Here’s more from Dr. Malone, via LifeSiteNews.com:
This means that public schools, which all use this schedule, will then be able to mandate the “vaccines” in order for children to attend public school.
This is all being done at the last minute and basically behind the backs of the public, as this received virtually no media attention prior to the vote.
ACIP’s decision to add the COVID-19 shots is based on regulatory capture, budgetary issues, politics, and it is not based on scientific data.
We all know the adverse event profile of the jabs. It is horrific. The small sample size in the clinical trials were poorly designed and inadequately powered.
We all know other countries have completely stopped vaccinating children with these products.

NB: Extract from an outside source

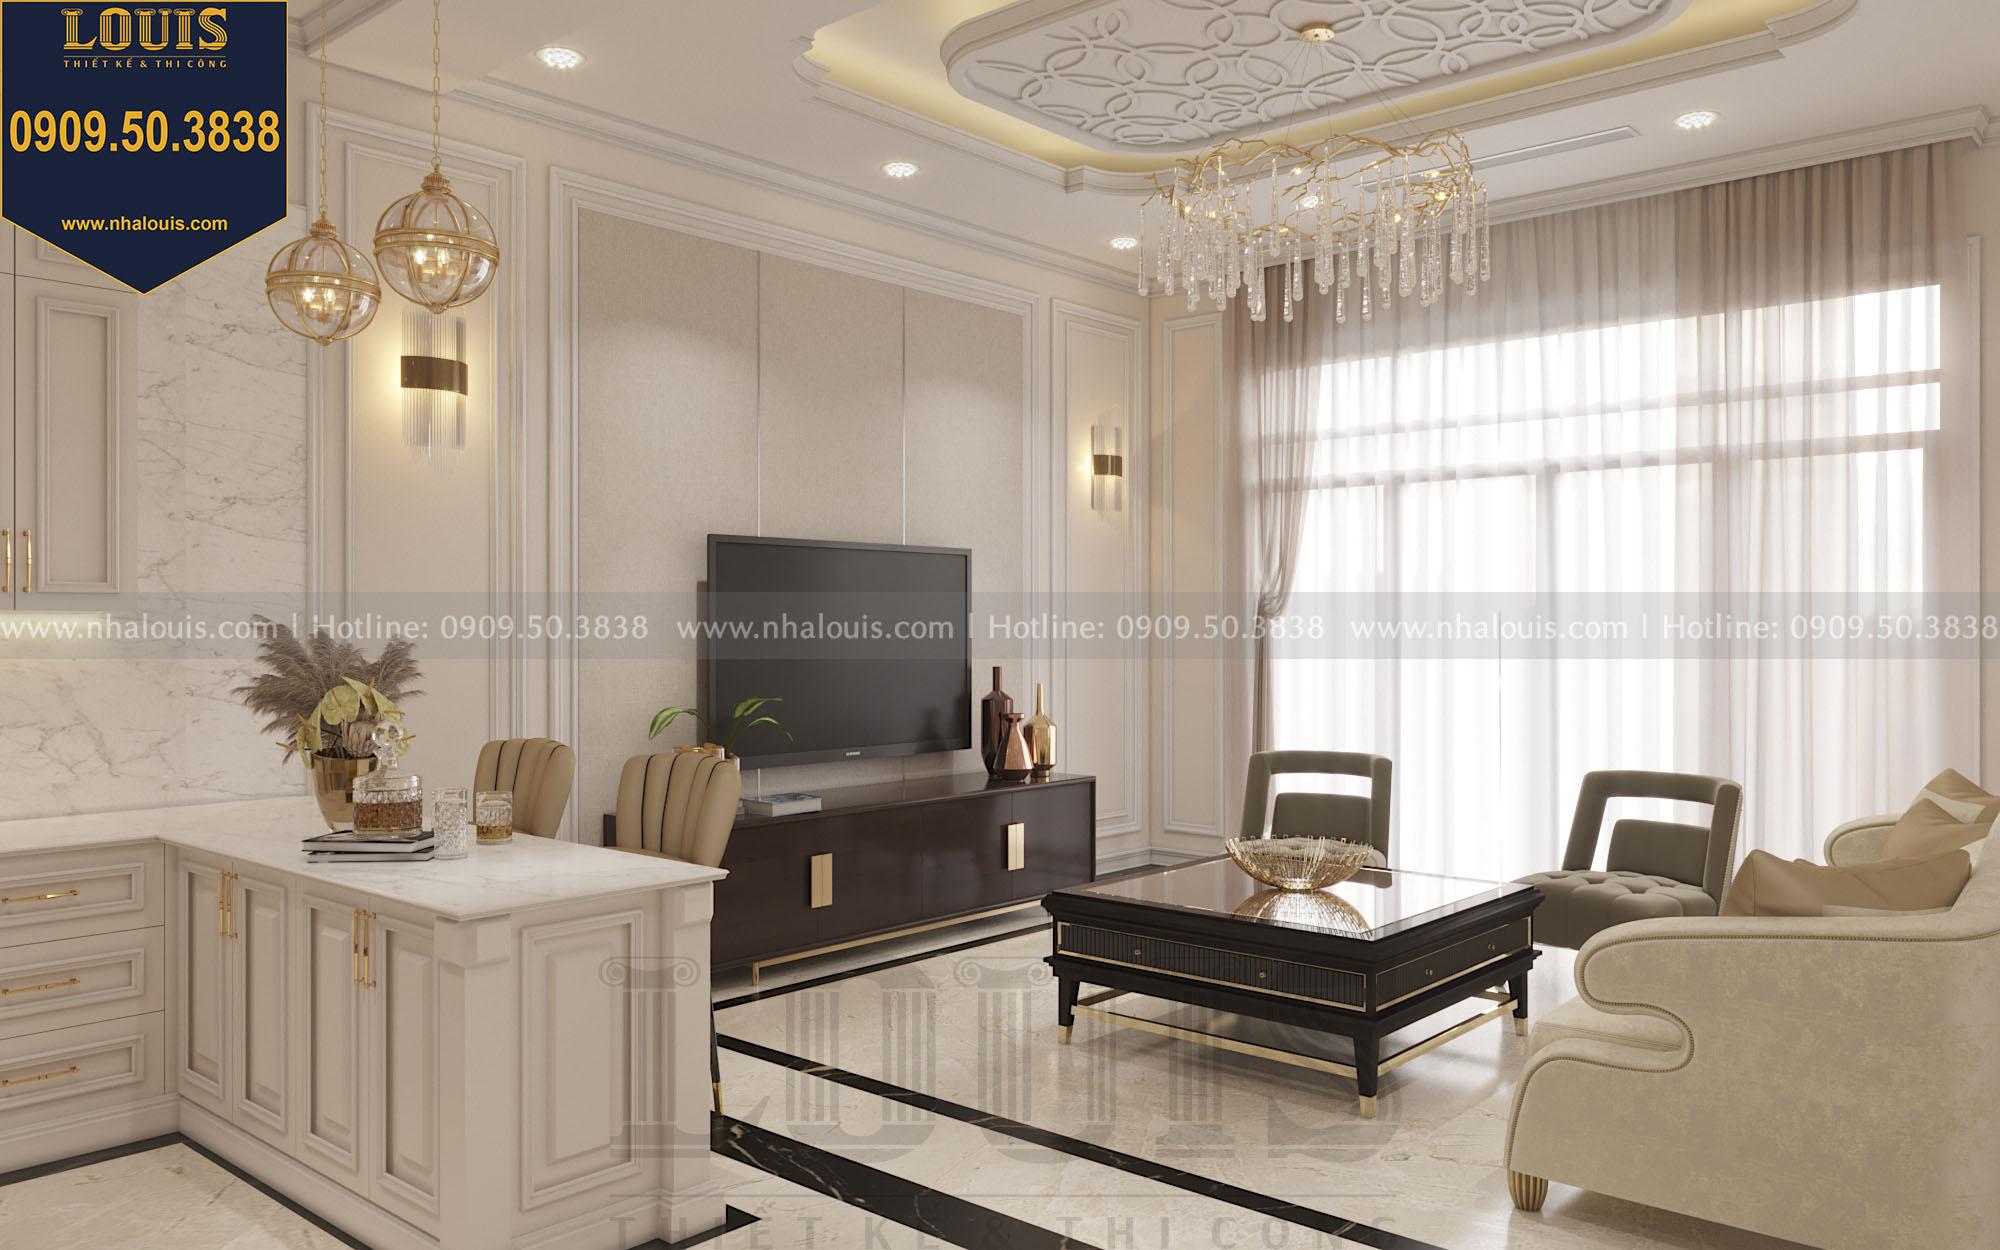 Thiết kế phòng khách nhà phố phong cách tân cổ điển

If they add these jabs to the childhood schedule, it will completely break the trust of the American family in the CDC, as it should.
The CDC, it turns out, is nothing more than a child murdering vaccine holocaust factory.”
Mike Adams did not mention that the real reason behind this, as argued by Robert Kennedy junior, is the avoidance of liability issue, once the vaxxes are planed on the childhood immunisation schedule.